Eric J. Dirga, P.A., Criminal Traffic Defense, Telephone 407-841-5555

Exceptions To The Ability To Deny An Arrest
After The Record Has Been Sealed / Expunged

Last Updated: June 29, 2014

Once your criminal record has been sealed or expunged, the records with the:

  • Clerks Office are no longer public. No one can access those records without a court order to do so.
  • Criminal records held by Law Enforcement are also made confidential. If they are expunged they have to physically destroy their files. This includes the State Attorney's Office.
  • The Florida Department of Law Enforcement removes it's criminal record information from public dissemination.

In Most Instances You Can Deny The Arrest Happened After Your Record Is Sealed / Expunged

Florida law allows you to deny that your expunged or sealed arrest ever occurred.

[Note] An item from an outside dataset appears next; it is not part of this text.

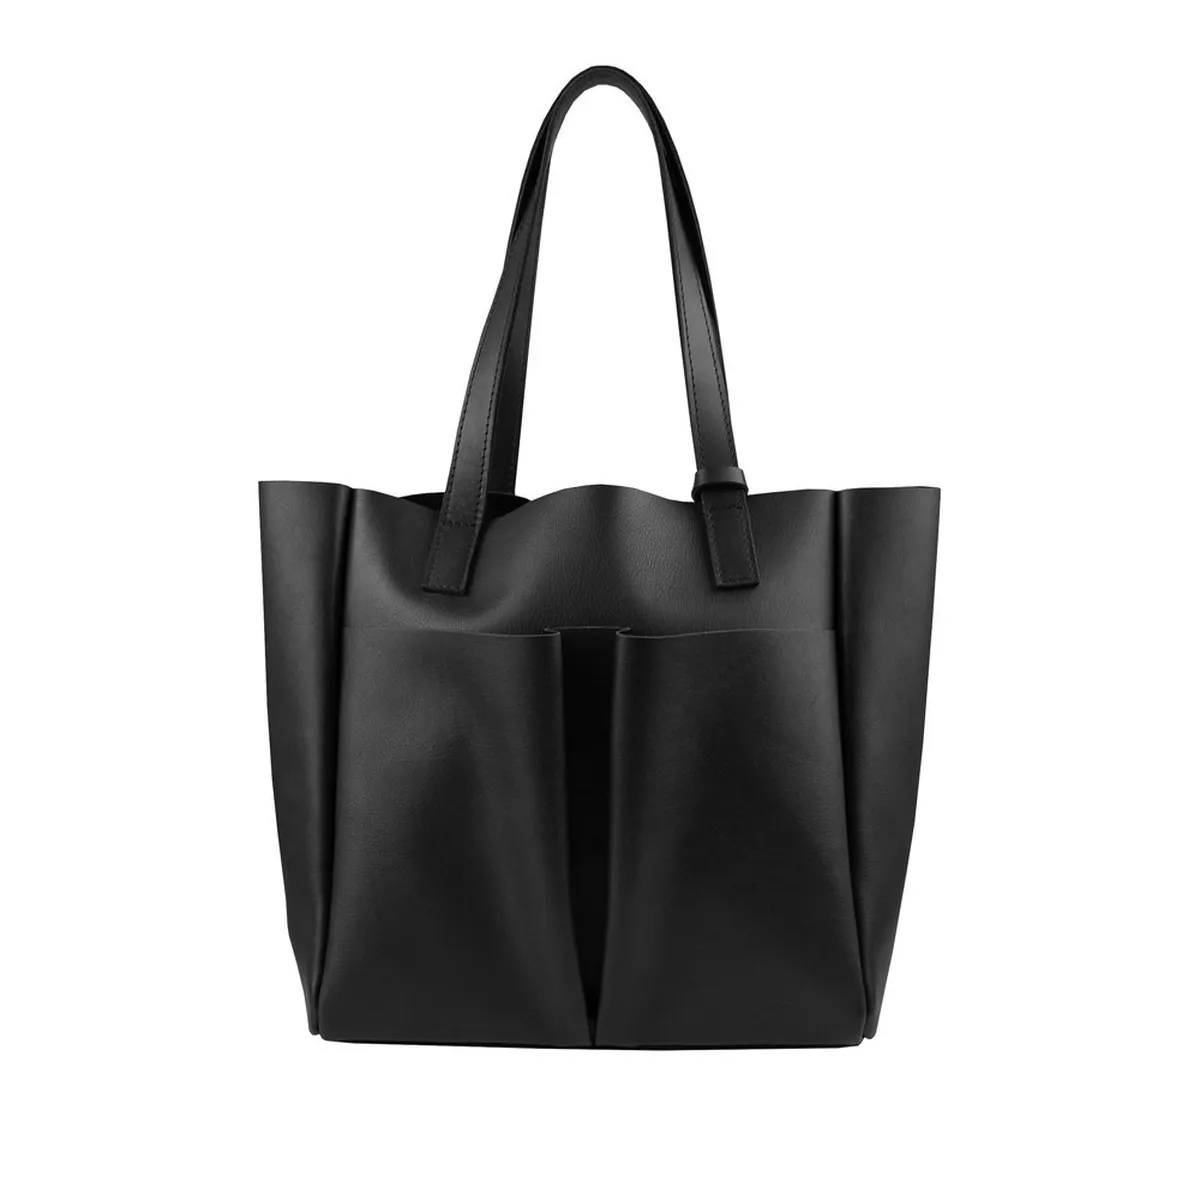 Классическая черная сумка-тоут (tote bag)

The actual language of the statute is as follows:

[Expungement] The person who is the subject of a criminal history record that is expunged under this section or under other provisions of law . . . may lawfully deny or fail to acknowledge the arrests covered by the expunged record.
[Sealing] The subject of a criminal history record sealed under this section or under other provisions of law . . . may lawfully deny or fail to acknowledge the arrests covered by the sealed record.

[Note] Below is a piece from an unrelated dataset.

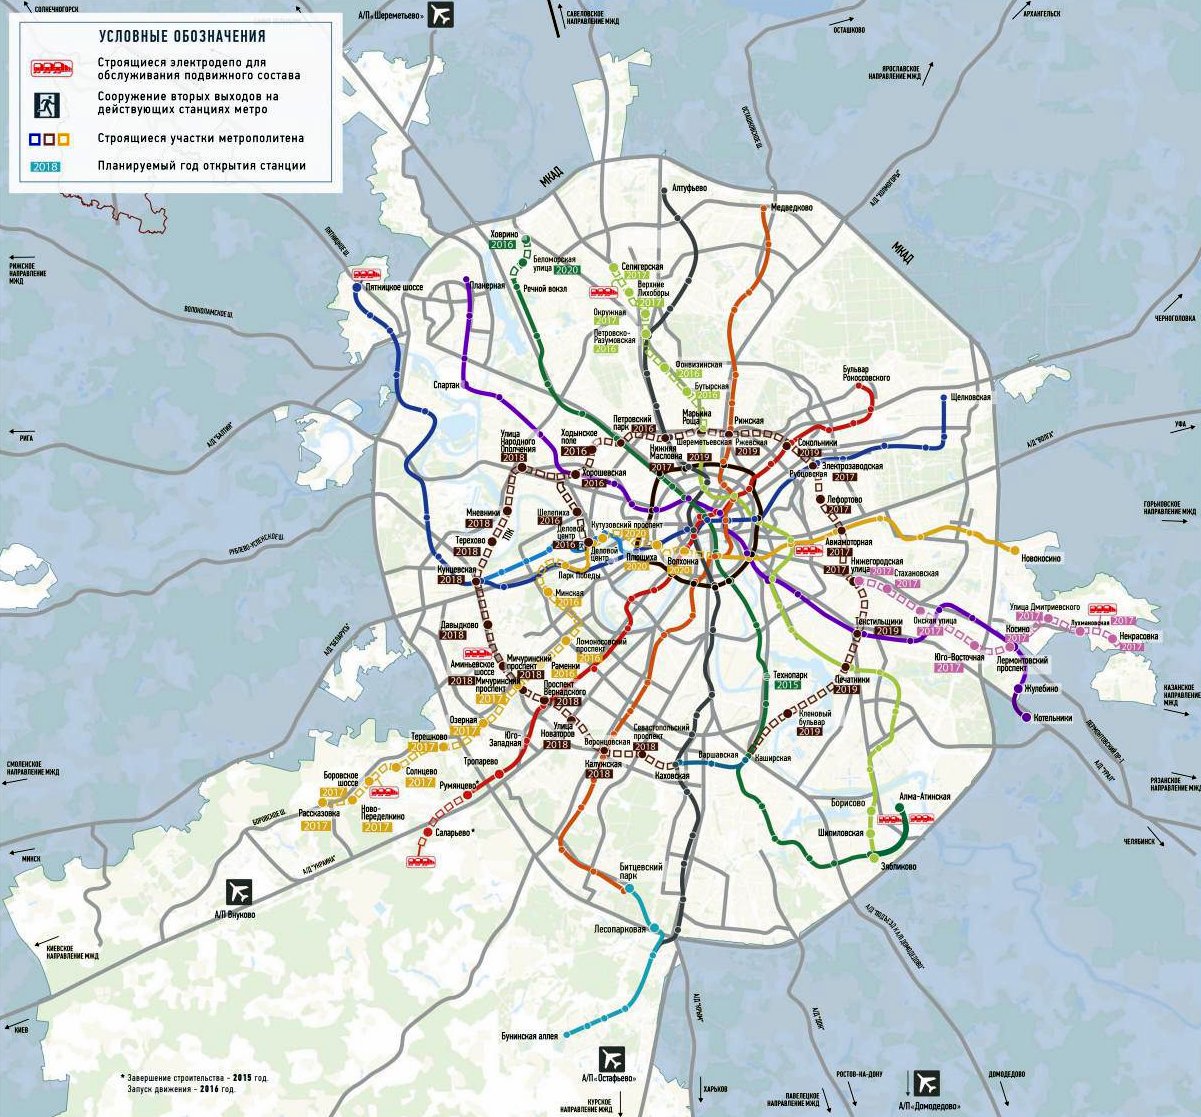 карта-схема московского метрополитена 2020 как платить через приложение отп кредит

This is the biggest benefit of expunging or sealing your criminal arrest record. Many private companies collect public records (often times sold to them by the county clerk's office or F.D.L.E.) and sell them online. This can still occur after you have had your record expunged. The ability to lawfully deny the arrest gives you a huge advantage over those companies.

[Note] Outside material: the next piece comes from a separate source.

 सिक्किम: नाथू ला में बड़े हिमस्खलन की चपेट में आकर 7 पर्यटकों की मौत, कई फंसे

Exceptions From The Lawful Ability to Deny Your Arrest

However, there are exceptions when you can deny that you have been arrested. It is important to know these exceptions before you decide to seal or expunge your record and very important to know these after you have sealed or expunged your record. These mainly address employers for businesses that deal with children, the elderly, or the physically or mentally handicapped. These include Nursing Homes and Day Care Centers. It also includes applications for employment with a criminal justice agency including the fire department.

F.D.L.E. keeps this list updated on the Department's website. Visit this site often to stay abreast of any changes in the law.